Luka Ivan Jukić is a freelance journalist based in Croatia.
ZAGREB — A land of receding democracy, reactionary populism and popular strongman rule — recent national election results have done little to counter this perception of Central Europe.
Just this week, for example, Hungary clashed with Brussels and 17 other EU members over a law widely condemned in Western Europe as targeting the LGBTQ+ community. Its Central European neighbors, however, disagree. They either remained silent or supportive.
But then there are the region’s capital cities, where voters have been putting in place a different type of politician, offering a very different image of the region.

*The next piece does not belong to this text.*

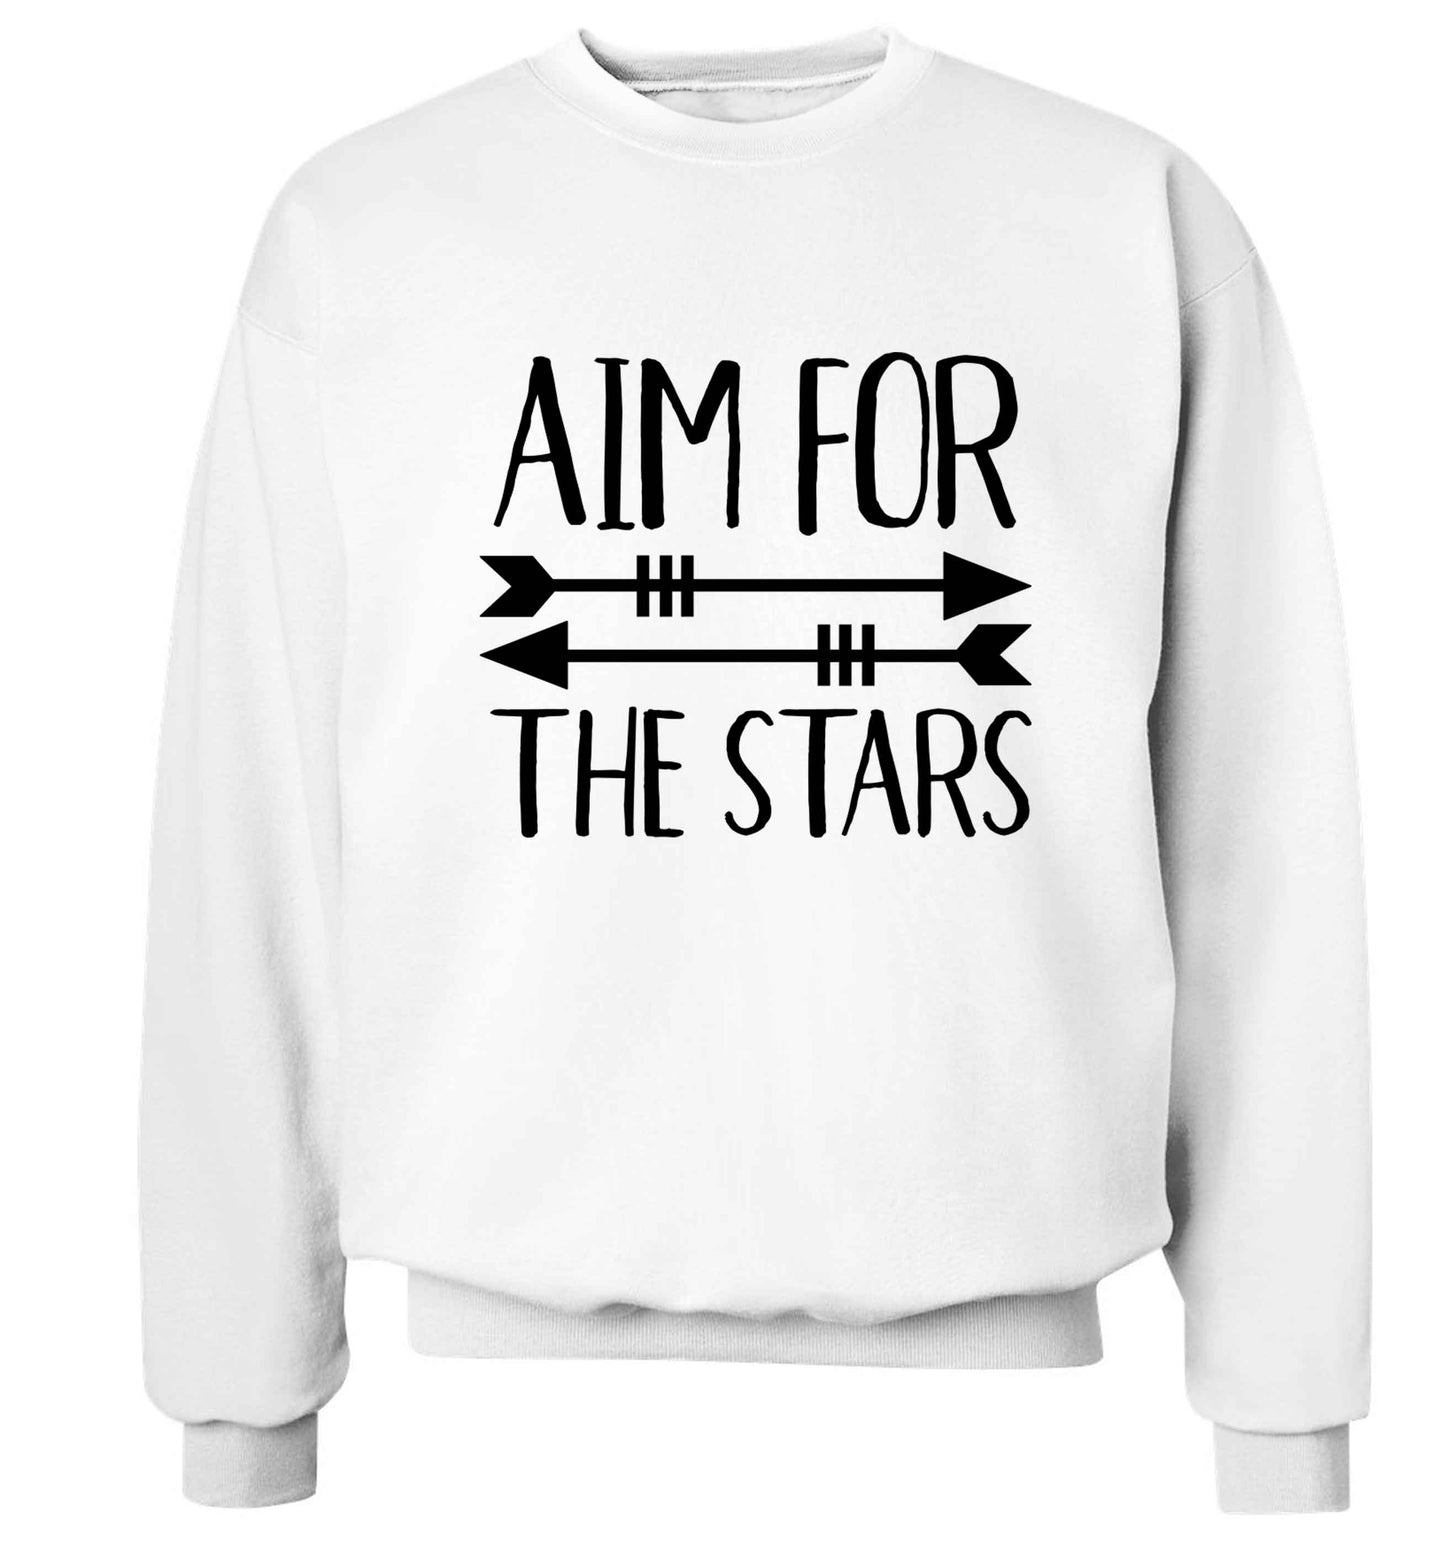 Aim for the stars Adult's unisex white Sweater 2XL

In Poland last year, President Andrzej Duda, from the ruling Law and Justice Party (PiS), was narrowly reelected, solidifying the nationalist conservative party’s control over national institutions. His victory, however, was narrow. He finished just ahead of the liberal and avowedly pro-European mayor of Warsaw, Rafał Trzaskowski.
In Hungary, Prime Minister Viktor Orbán’s right-wing government has enjoyed a supermajority for years. Its support does not extend to Budapest, however, which is currently run by a Green-affiliated mayor, Gergely Karácsony.

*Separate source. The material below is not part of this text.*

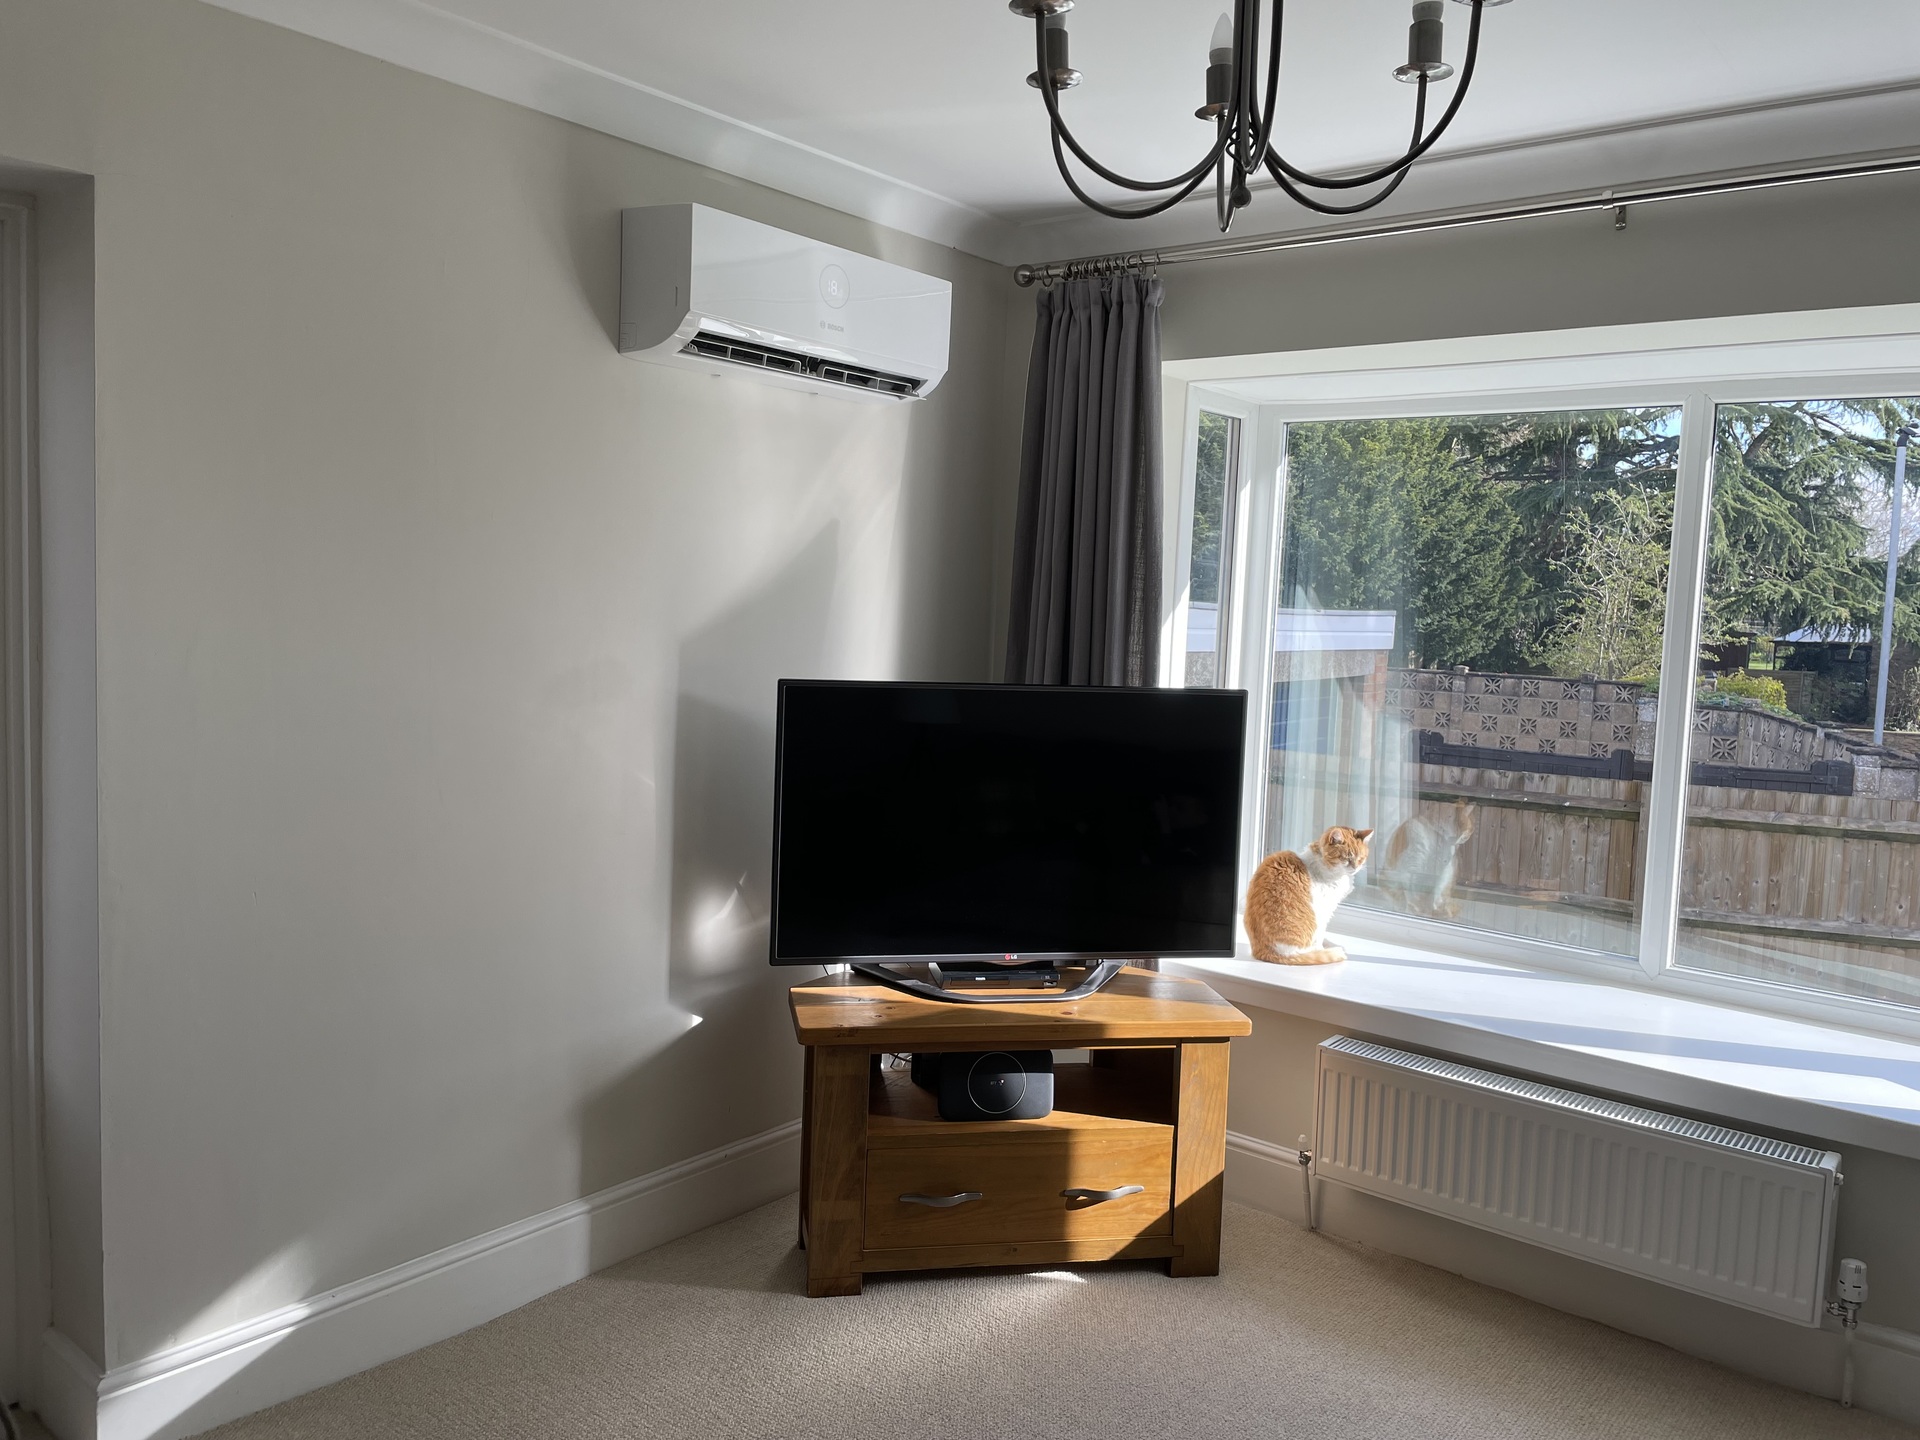 Worcester air conditioning installers Northampton

The Czech Republic’s Russophile president, Miloš Zeman, and its populist billionaire prime minister, Andrej Babiš, are no models of liberalism either. But the mayor of Prague, Zdeněk Hřib, is a member of the Pirate party — a modern, left-of-center political force promoting environmentalism, e-democracy and government transparency.
The most recent addition to the ranks of these progressive Central European local leaders is Tomislav Tomašević, who was elected mayor of Zagreb just last month, providing a left-liberal foil to Croatia’s conservative national government. He enjoyed a landslide victory, with his ecosocialist Možemo! party clinching half the seats in the city assembly.

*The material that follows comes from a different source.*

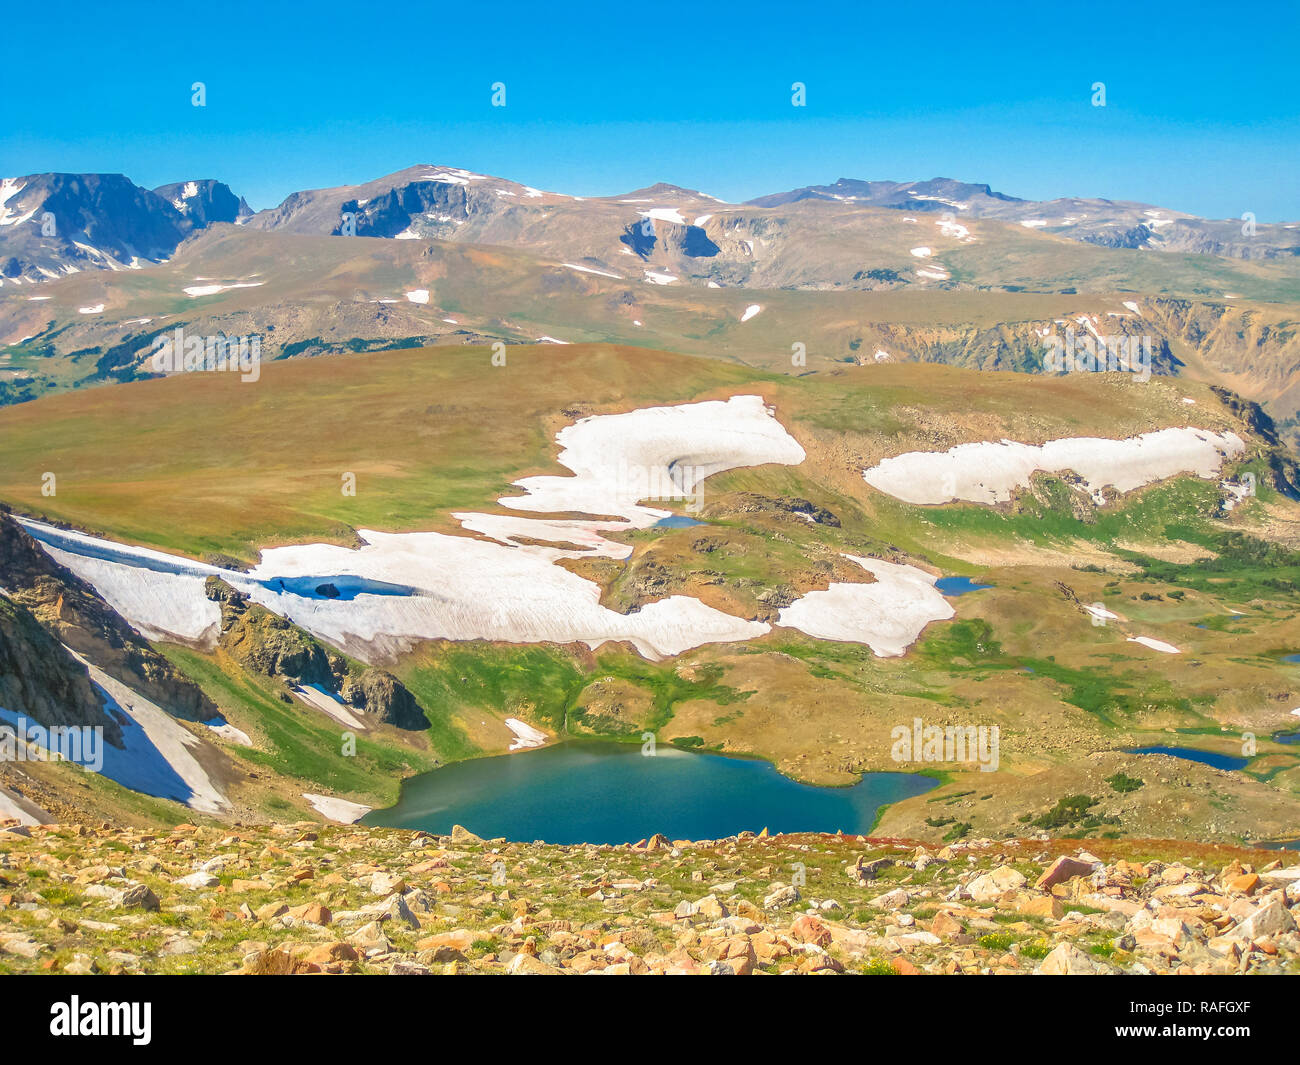 Aerial Alpine lake along Beartooth Highway, Northeast gateway of Yellowstone National Park. Beartooth Highway, the most beautiful drive in America, is a section of Route 212 in Montana and Wyoming. Stock Photo

Victories like Tomašević’s should challenge the clichés commonly associated with Central Europe. This divide between liberal cities and the conservative countryside is familiar to residents of countries like the United States, the United Kingdom or France — but nobody singles those countries out as uniquely benighted.
Recent Central European history does, however, add an extra dimension to the phenomenon — one that makes the rise of these local politicians even more significant. While the ruling conservatives present the transition from communism as incomplete, necessitating a strong central government to push through needed reforms, liberals in urban centers see a different promise as unfulfilled by the region’s trajectory since 1989: that of a return to the West, which seems to drift further away with each passing year.
This makes the recent victories of these liberal opposition parties in the region’s capitals even more significant. Demographically, economically and politically, most Central European countries are extremely centralized. Control of the capital can provide a strong base of power to grow from — especially in a region with few multigenerational political parties. In Hungary, for example, nearly a third of the country lives in the capital. In Croatia, it’s over a quarter.
And increasingly, control over the capital city is setting the foundation for a larger challenge to national governments. In 2019, for example, the mayors of the capital cities of the Visegrád Group — Poland, Hungary, the Czech Republic and Slovakia — formed the “Pact of Free Cities” alliance, aimed at bypassing their populist national governments. Committing to the “common values of freedom, human dignity, democracy, equality, rule of law, social justice, tolerance and cultural diversity,” they reached out to Brussels to seek EU funding on their own.
More and more, these liberal figures are taking their politics national. Trzaskowski may not have won the presidency, but he came close. Gergely Karácsony’s mayorhsip in Budapest in 2019 was seen as a trial run for a pan-opposition effort to oust Orbán next year — possibly with the mayor of the capital city as the alliance’s standard-bearer. In the Czech Republic, the Pirates, in coalition with another liberal party, are currently leading the polls for October’s legislative election.
Last month’s election in Zagreb suggests Croatia is on a similar path, even if Možemo!’s national appeal is not yet widespread. Just as disillusionment with liberal revolution pushed many into the arms of parties like Fidesz and PiS, disillusionment with the conservative revolution is now clearly pushing the urban bourgeoisie into the arms of new, progressive parties offering to take the country in a new direction.
It’s too early to know whether they’ll succeed, but in the meantime, they at least show that another vision for the region is possible.